RAW DATA Start Marker

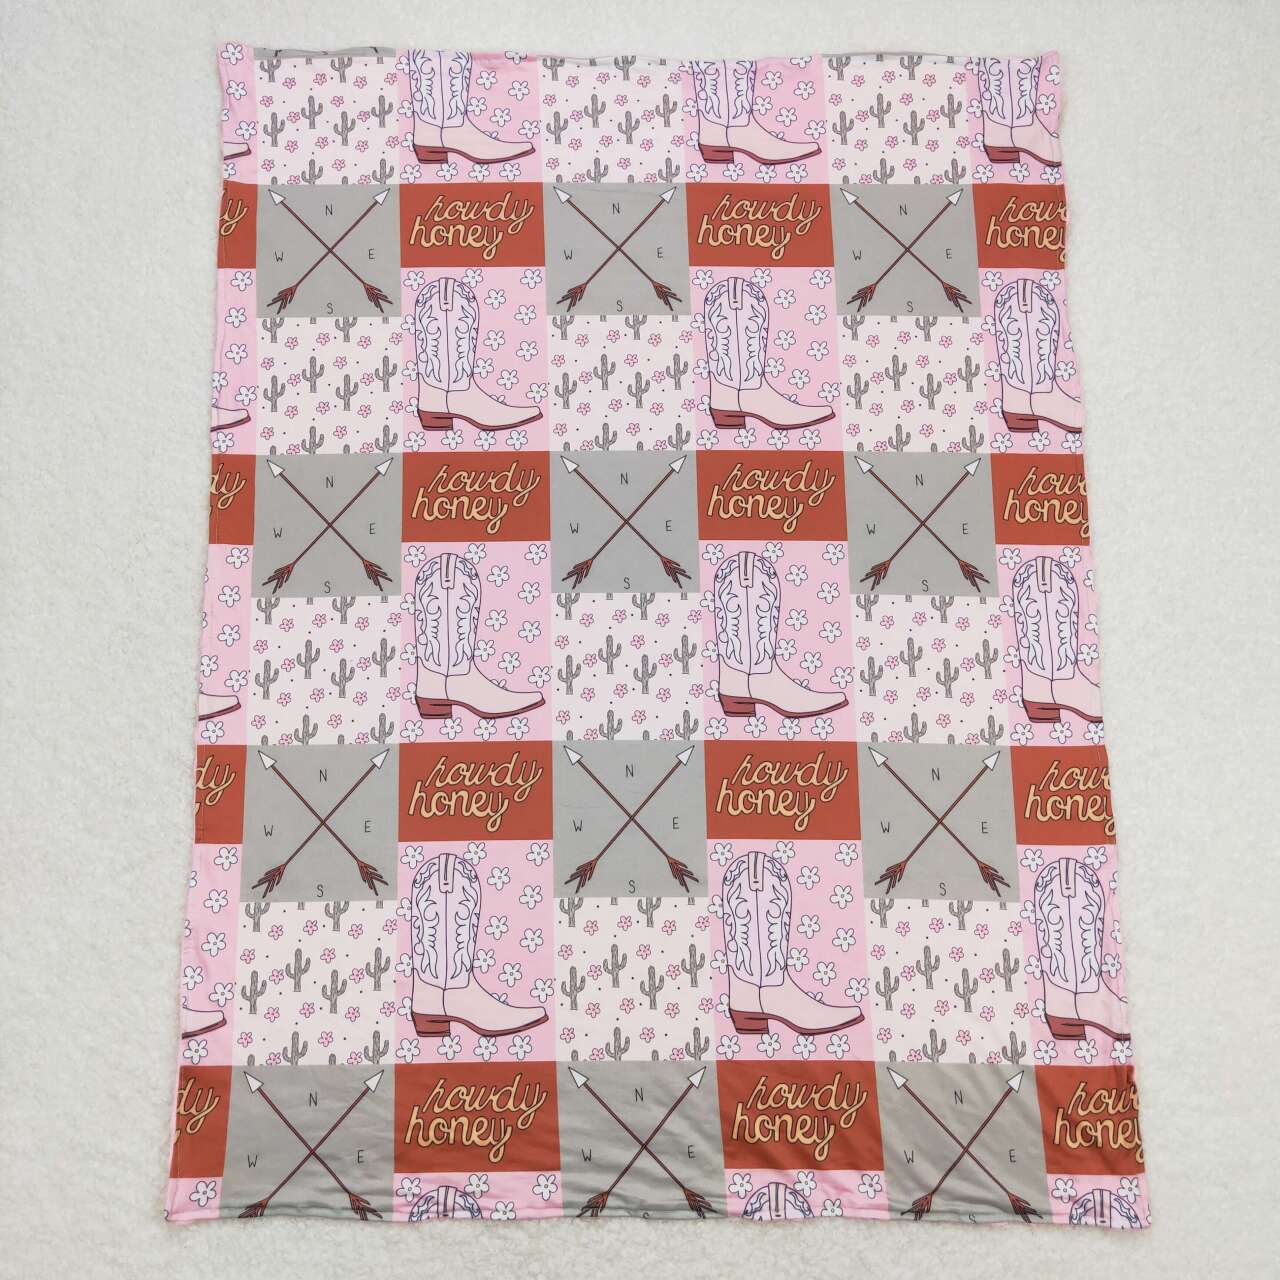 BL0123 Western howdy boot cactus pink Baby Blanket
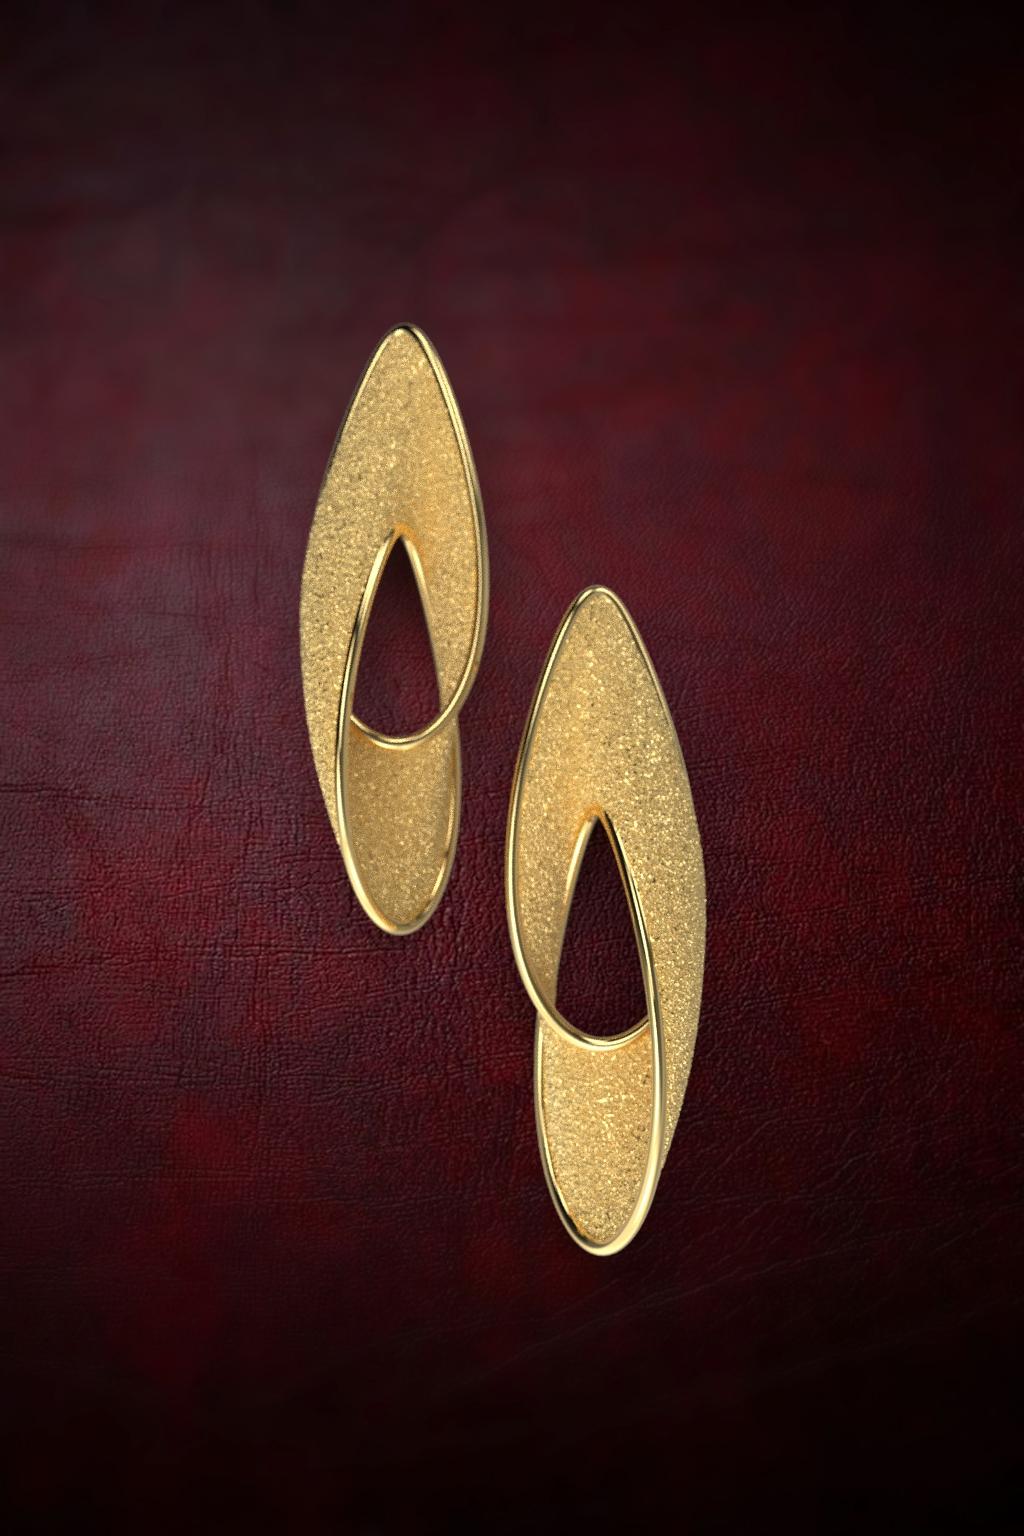 Made to order 14k yellow gold earrings.
Contemporary Statement Earrings in solid gold 14k,  Italian fine jewelry made in Italy, long stud earring, modern and elegant earrings.
Length: 39 Millimeters; Width: 11.5 Millimeters
The earrings are secured

RAW DATA End Marker

* _TASK ITEM_
The records above must all be output exactly. Omit the images.

* _RESPONSE TO THE EXERCISE_
 BL0123 Western howdy boot cactus pink Baby Blanket
 Made to order 14k yellow gold earrings.
Contemporary Statement Earrings in solid gold 14k,  Italian fine jewelry made in Italy, long stud earring, modern and elegant earrings.
Length: 39 Millimeters; Width: 11.5 Millimeters
The earrings are secured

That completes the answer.